News: Aircrew training saves lives
Story by Sgt. Jonathan Thibault
FORT CARSON, Colo. - Flight crews learned to use a high-tech piece of equipment that could save their lives in the event their helicopter goes down, during classes at Butts Army Airfield Jan. 28-31.
The Combat Survivor Evader Locator class was the first held for soldiers of 4th Combat Aviation Brigade, 4th Infantry Division, since the unit received the radios.
“The purpose of this training is to provide instruction to soldiers regarding the loading, upgrading, maintenance, troubleshooting and functions of the CSEL equipment,” said Matthew P. Leib, CSEL instructor.
The equipment serves as a radio and beacon and allows pilots and crew members to communicate with headquarters in areas where other radios wouldn’t work. The 4th CAB received about 150 CSEL radios and 10 sets of CSEL loading equipment.
The first three days of the class were for flight operation soldiers, who are in charge of maintaining and loading information into the CSEL equipment. The last two days trained the pilots, crew chiefs and crew members to properly troubleshoot and use the functions of the CSEL radios.
“This is my first time dealing with CSEL equipment,” said Spc. Darries Day, flight operations, 2nd General Support Aviation Battalion, 4th Aviation Regiment, 4th CAB, 4th Infantry Division. “Getting the hands-on training with the CSEL equipment has taught me a lot in just three days.”
Chief Warrant Officer 3 Lee E. Kokoszka, battalion tactical operations officer, Headquarters and Headquarters Company, 2nd GSAB, 4th Aviation Regiment, will eventually oversee all the battalion’s CSEL training for pilots, crew members and flight operations.
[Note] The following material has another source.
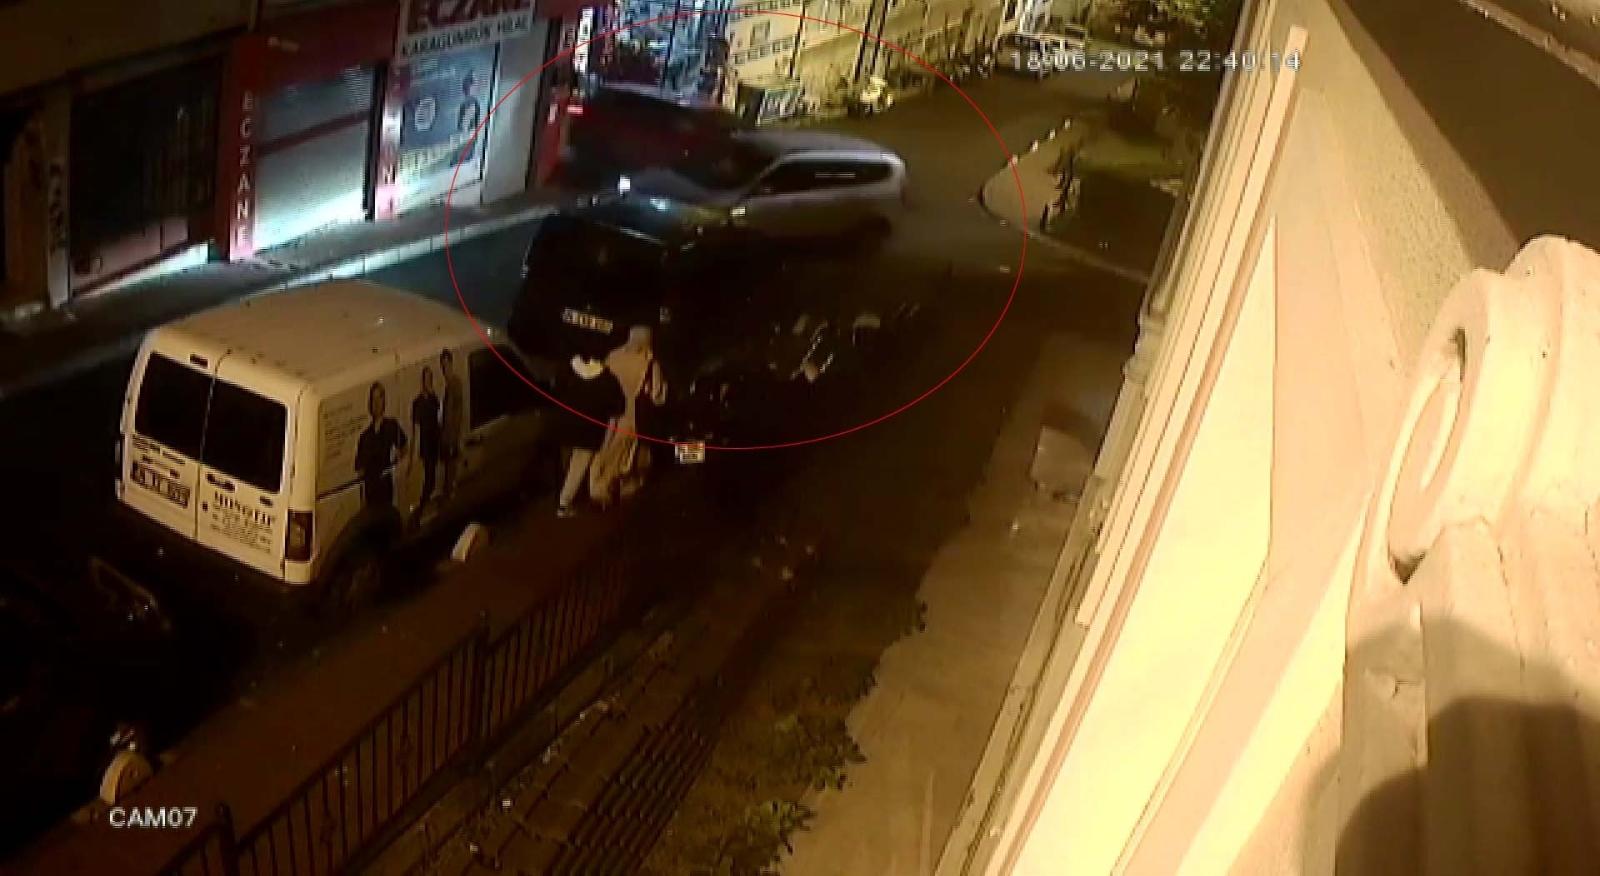 Fatih'te İki Aracın Çarpıştığı Kaza Kamerada

“This training is a key tool to help us enable pilots, crews and crew chiefs to facilitate their own recovery,” said Kokoszka. “The training is a good thing, because our guys get hands-on training which enables us to learn from the base level and all the way up.”
The CSEL is not like the survival radios of the past. It needs constant upgrade and maintenance. The training on it is necessary, because, if used properly, CSEL is a critical factor in personnel recovery, and is a proven lifesaver, Leib said.
“If all the crew chiefs and pilots know how to use the CSEL equipment, the survival rate jumps up a couple of notches,” said Day. “Knowledge is power, and knowing how to work your equipment can save your life one day.”
The equipment is critical in helping rescue downed soldiers quickly.
“The CSEL equipment allows us to find individuals faster, where their location is and what kind of situation they are in at the time,” said Kokoszka.
The initial CSEL class taught by Leib consisted of flight operation soldiers and 30 pilots. Future classes for the 4th CAB will be taught by the soldiers and pilots who completed this iteration of CSEL training.